A good friend helped with some valuable contacts, and I got a chance to interview Shabana Azmi after watching her perform her latest play, Broken Images. Business Standard published it last Sunday. I'm pasting the piece here as well. But first, some things I wanted to say but didn't add to what I submitted for publication.

First things first, I should never have tried to interview her immediately after the performance. Reasons:
  • She was swamped by well-wishers right after. I flattened myself against a pillar as Dia Mirza, Mandira Bedi, Prem Chopra, Divya Dutta and other familiar faces rushed to congratulate her.
  • Watching her enact her role to near perfection was intimidating, and I felt that all my questions (if I remembered them) would sound silly and completely not worth her time.
  • My mind wandered during the play because I kept thinking I'd forget my questions.
  • She eventually said she didn't have time for the interview. Would I mail her the questions instead?
So I did, and in my naivete I actually took down her email address and asked, "You will reply, won't you?" Maybe that's what did it. Because between 10.30 pm when I mailed her my questions, and 8 am the next day, she'd sent in her answers, typing on her Blackberry. Read on below to know how I put them all together.

An actor of her caliber can’t be confined to one role. And Broken Images doesn’t try. In less than an hour of stage time, Shabana Azmi bewilders and stuns with many shades to her stage persona: good, bad, shrewd, cunning, lying, vulnerable, pitiable, helpless and neglected. It’s only a human urge, when watching a story unfold, to find one person on whom to pin our sympathies. While I’m still trying to decide who I should feel for in this play, Shabana says, “The best feedback I got for this role was that the audience can’t make up their minds who the victim is and who the victimizer. I am pleased with that because Girish (Karnad) has built in enough ambiguity to make it a shifting equation.” Ah. So we are not meant to decide. I may as well just go with the flow as I watch acting so spontaneous it seems effortless and natural.

But this spontaneity didn’t come easy.

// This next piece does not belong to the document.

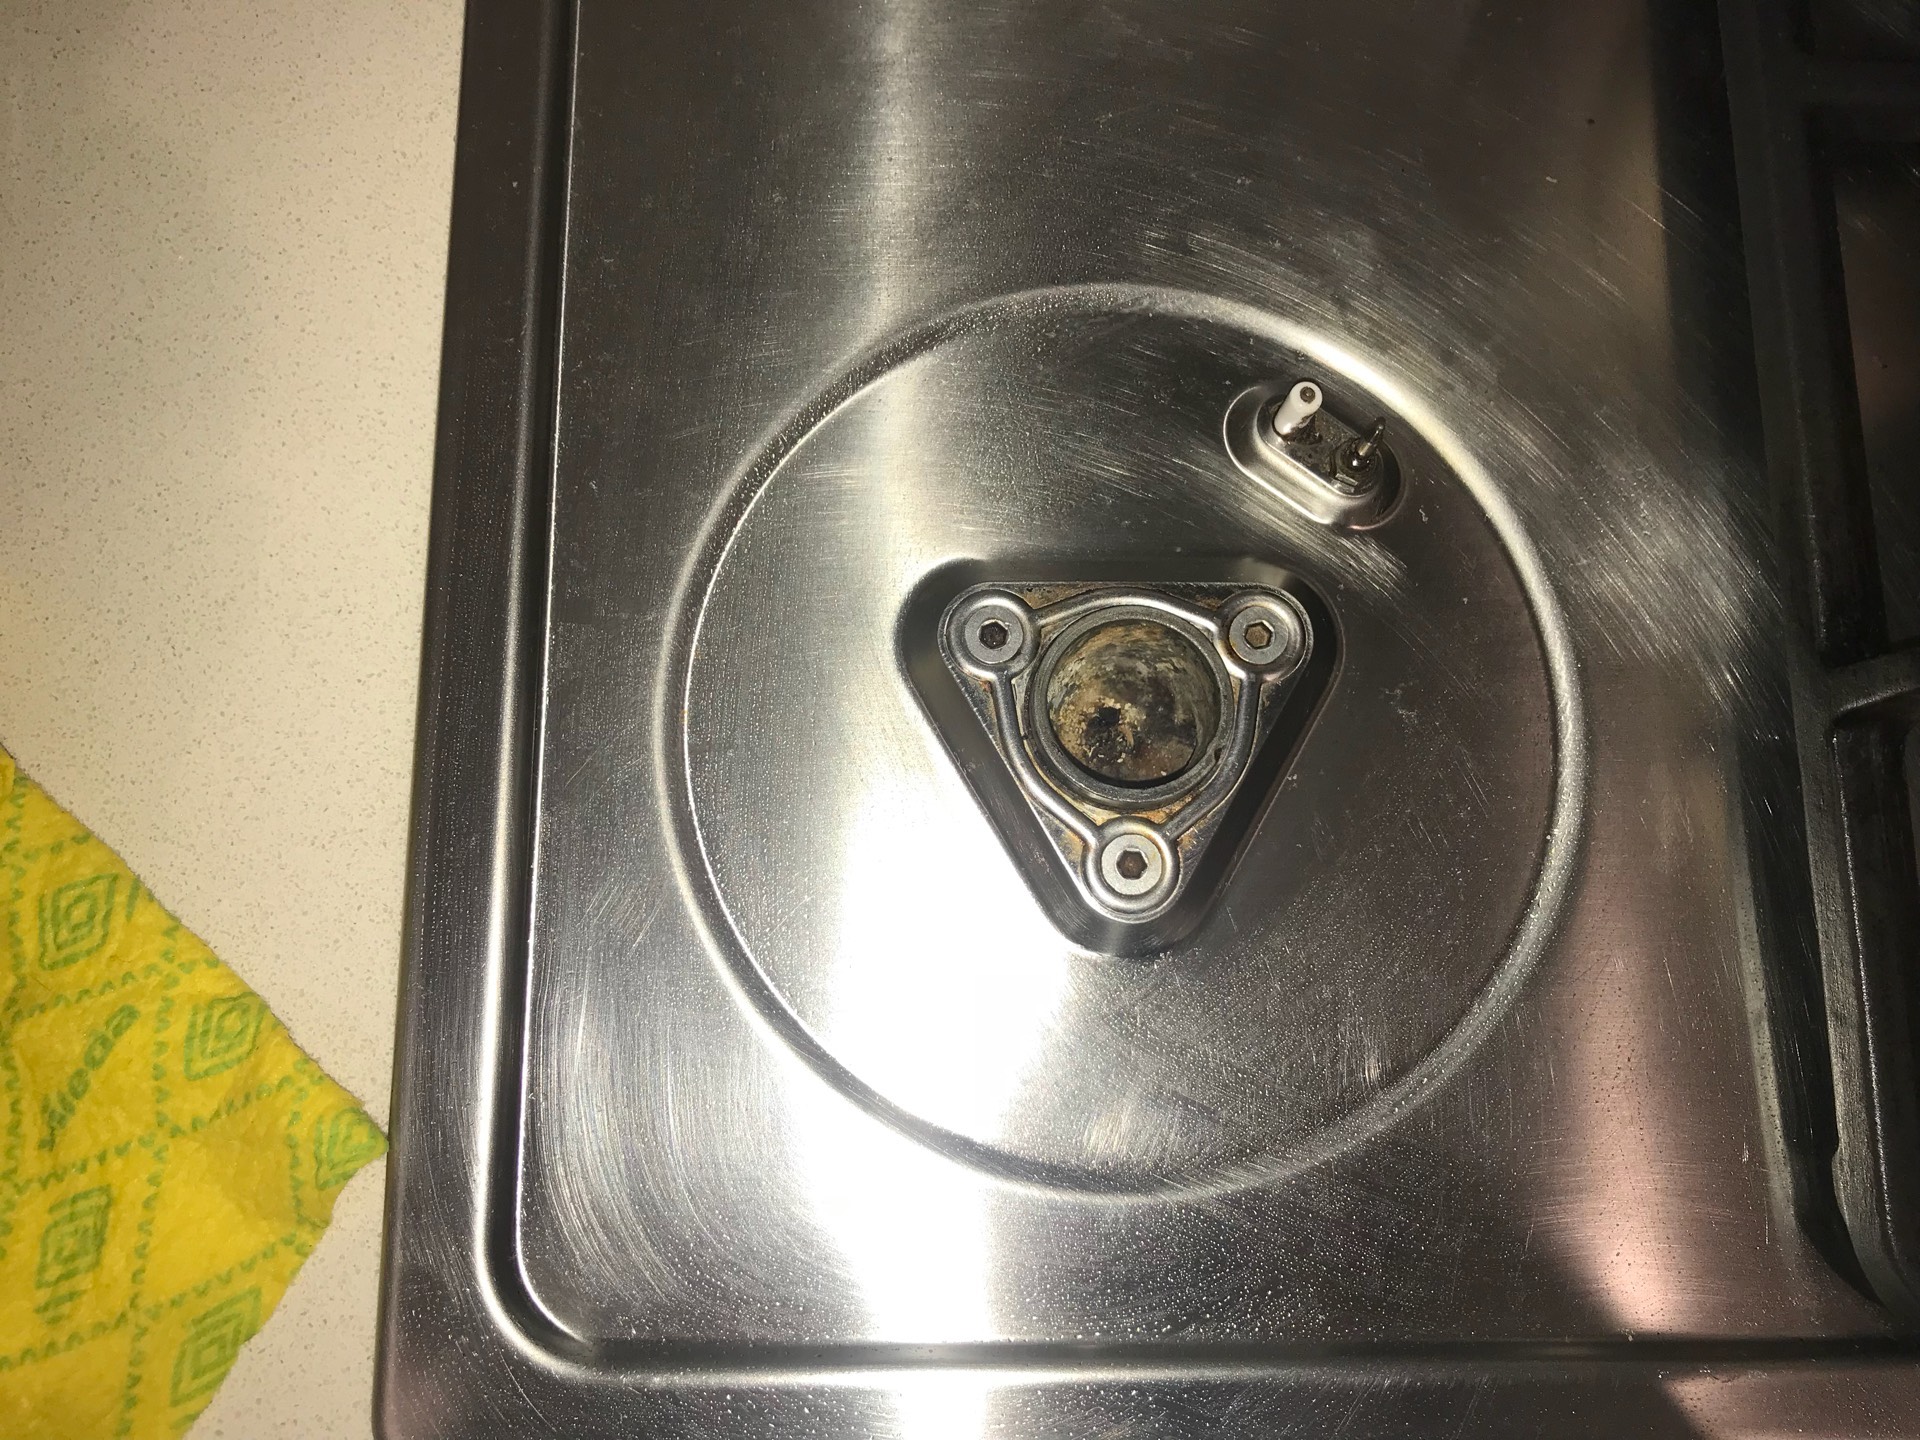 Kitchen chrome stove cleaning after

Shabana, who has also acted in international productions at London’s National Theatre and the Singapore Repertory Theatre, observes, “The rehearsal period abroad is from 9 am to 5pm daily. So you get a lot of time to explore, to add and to reject. Here, we rehearsed off and on for about three months, just about two hours in the evenings because we are involved in professions other than theatre. It’s a huge pity that you cannot make a living from theatre in India.”

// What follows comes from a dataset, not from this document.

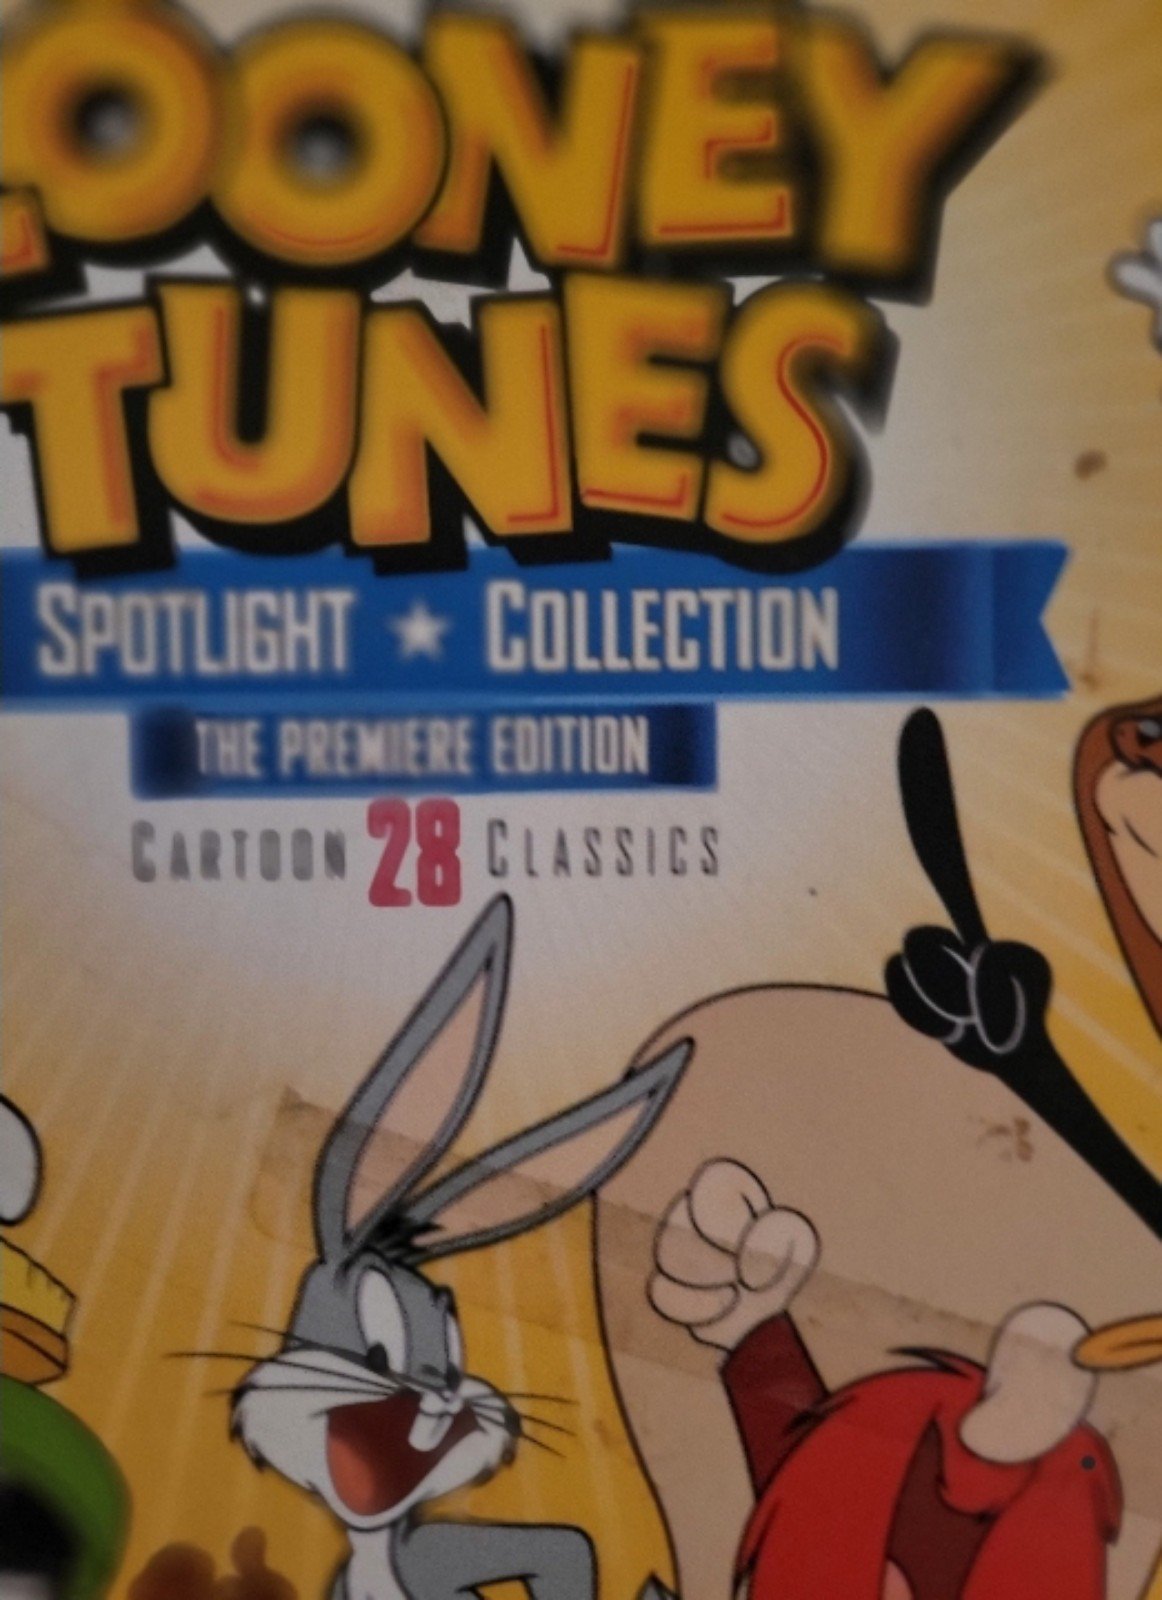 Loony tunes 28 episode spotlight collection JJXjW7GND

Arundhati Nag, Padma Shri recipient for 2010, played the protagonist in the Kannada and Hindi versions of the play. Shabana admits that watching her made it easier to play the Image in one single take. The unusual thing in the execution of Broken Images is the presence of the “Image”, a recorded version of herself seen on a large TV screen on stage, opposite which Shabana acts. Usually actors watch their recorded performances to rate their performances by their own, exacting standards. So was it not hard, not to mention distracting, to act with and react to herself? Here, she acknowledges that her sister-in-law, Tanvi Azmi was invaluable. “A very fine actor, Tanvi played both parts during my rehearsals, so that when I actually had to act ‘opposite’ myself, I knew what to expect. And frankly, I find the Image completely different from anything I have done so far, so she surprised even me!” All that preparation paid off, and the shoot, for which they had budgeted two days, was done in a single take of 44 minutes! “Had I gone wrong in the 43rd minute, we’d have had to do the whole take again,” Shabana points out. Not the sort of tension many would handle with such √©lan.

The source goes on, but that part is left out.